Is that where you are hosting your instance of WebODM? I had a left over decent-ish PC I just slapped Ubuntu on it and am running there on my network (opened it up to the outside too). Seems to work okay. I thought maybe I could do the ‘tie points’ within webODM somehow. I could get unlazy and figure out how to scale the pictures to eachother I guess…just thought there was a more automagic way to do this.
Yes… I just set it up about a month ago and have been pleased with it for the most part… I have a django box there as well that is still working at the moment. you can have a server up and running in minutes… a lot of prebuilt options. you can resize memory and processors up and down. My friend just got a Mavic 2 Pro but unfortunately the GPS altitude above sea level is unusable. An upcoming firmware upgrade is supposed to address this issue.
Addendum: if you’re not comfortable on the command line and can share the images (either widely or just with me), I’d be happy to test if split merge is an approach that would work for this use case.
I don’t mind sharing the images, though the images are like 166 of them. I am not sure why a split-merge as if it is a large data set would help. I am reading the link on QGIS too. I haven’t dabbled much at all. I am comfy in the command line but my ability to log into that box and do Command Line things are hindered till at least the weekend. I could pop both the missions up on google drive and post links?
This is interesting but I am not sure it would work with a Phantom4 Pro. It seems to want to connect up to a camera’s hot shoe if I read it right?
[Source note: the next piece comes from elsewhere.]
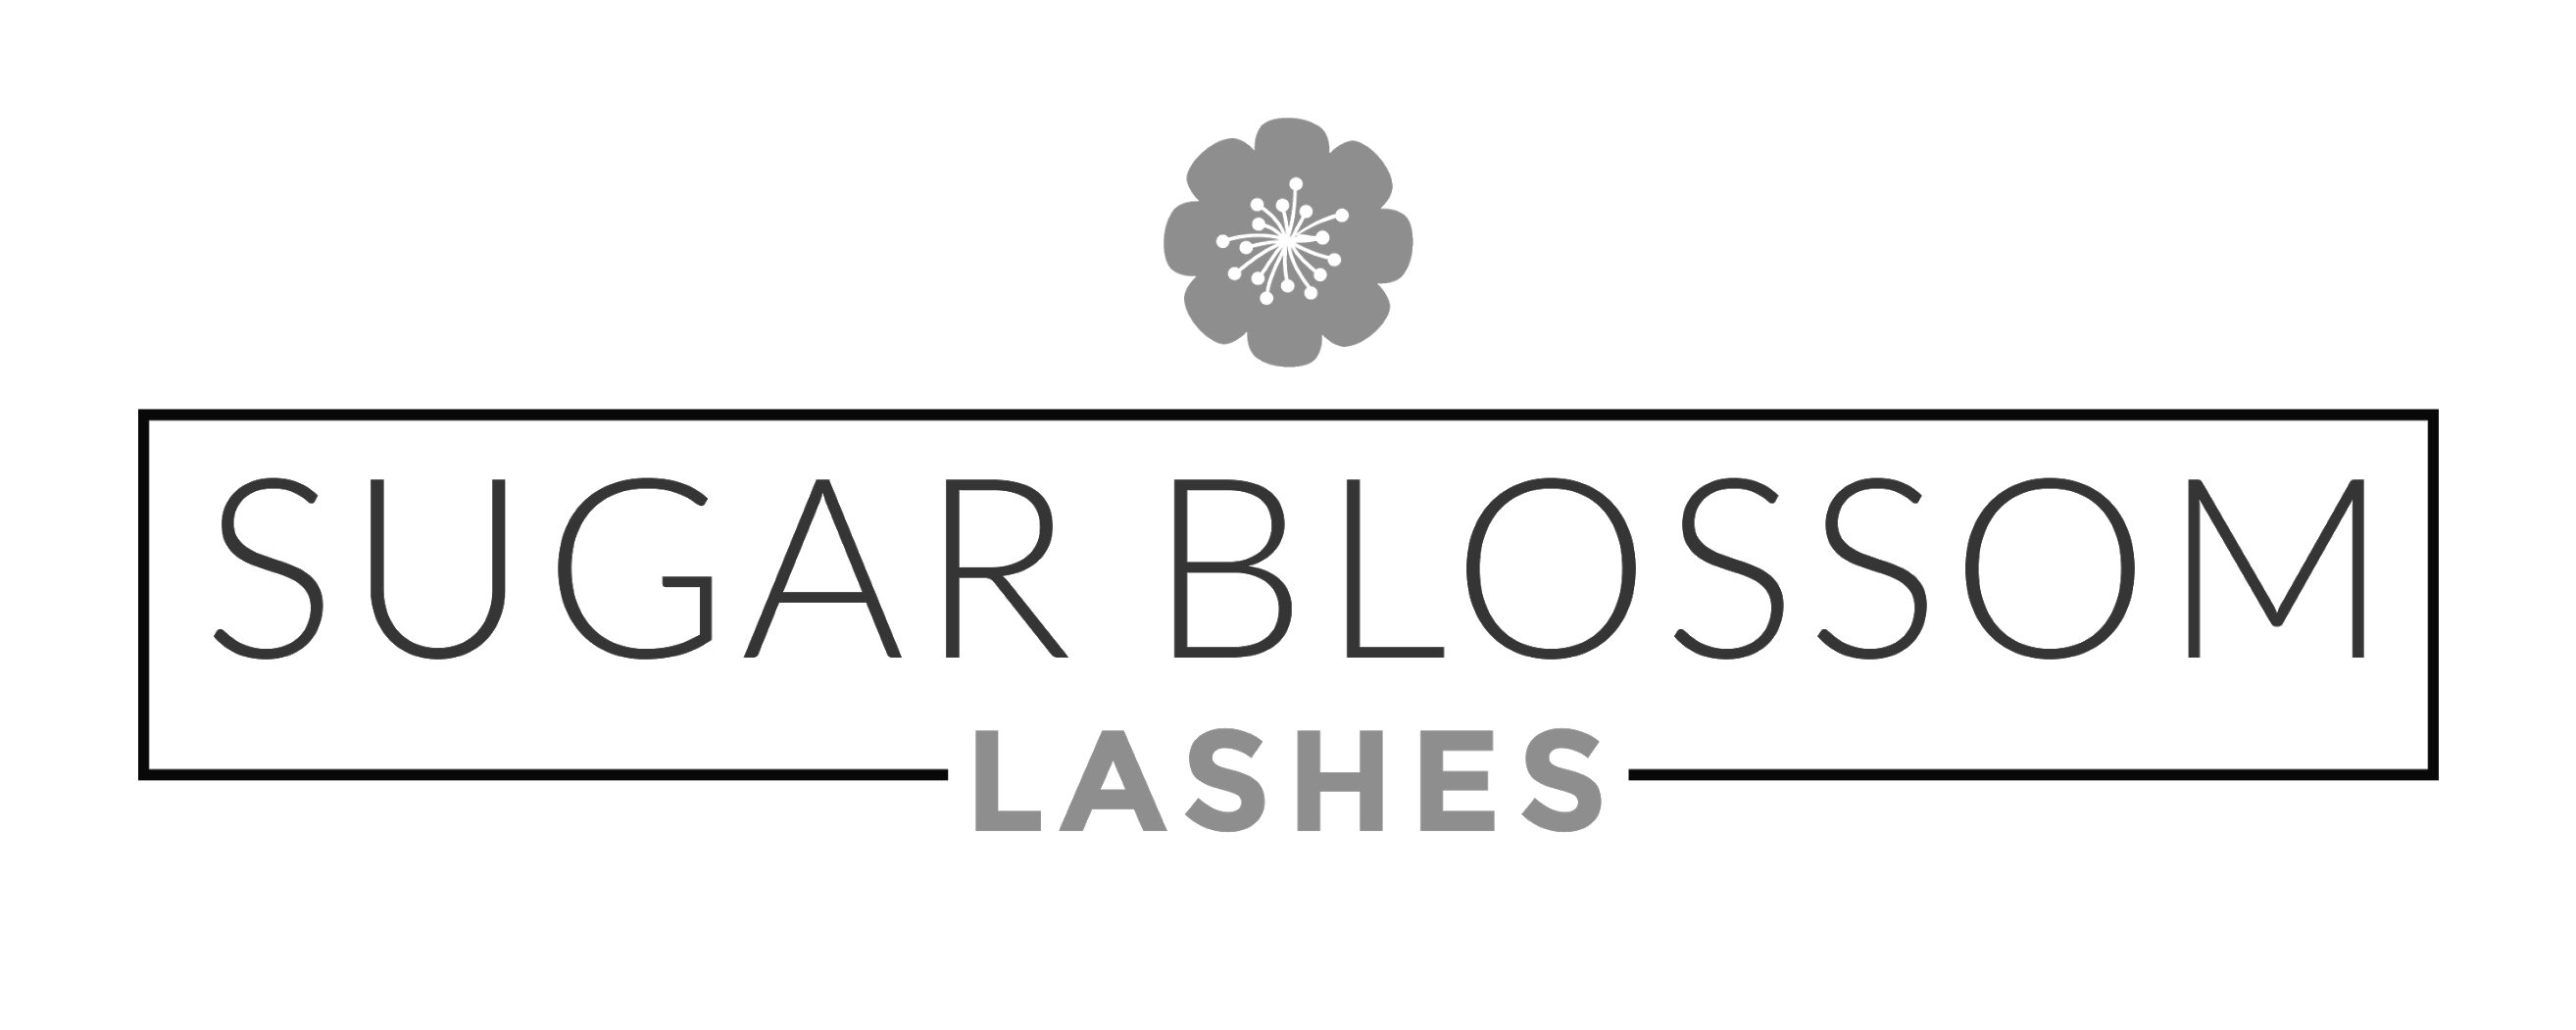 sugar-blossom-lashes-logo

I need to delve more into it to double check.
Yes that might be a bit of a chore to retrofit… I had advertised on craigslist for a surveyor to set ground control points… the guy I eventually connected with had already purchased and had just received the Mavic the same day we connected… I was afraid it might have a rolling shutter as there was no mention of a mechanical shutter as with the p4p. He has since bought a used Inspire 1… I’ve never seen one in person… heading over this evening to see it fly. It might be a better platform to experiment with… it has been around for a while and I read that DJI released a sdk for those wishing to write custom apps. Maybe thats just wishful thinking on my part. I’ve scratch built quite a few quads that use betaflight on STM32F4 controllers but I’ve not experimented with INAV which is controller software with waypoint capability.
This is a proposed off-script use of split-merge. Split-merge’s purpose is to allow for the split of datasets in the case of really large datasets it’s true. But the problem that it solves is actually the co-alignment of datasets.
It’s actually pretty trivial to split datasets up, process them on different nodes and then put them back together. The challenge with the use of commodity GPS, however, is that when that approach is used naively with large datasets, the datasets don’t go back together well, as they don’t match well in the XY and Z axes. So the challenge for split-merge was to maintain alignment of all the input data, while allowing for somewhat independent processing of it.
In your use case, it’s a pair of small datasets that need to be aligned, but processed separately. This is a very similar problem to one dataset being split into two pieces and processed separately – and the alignment issues in doing so naively are the same for each approach.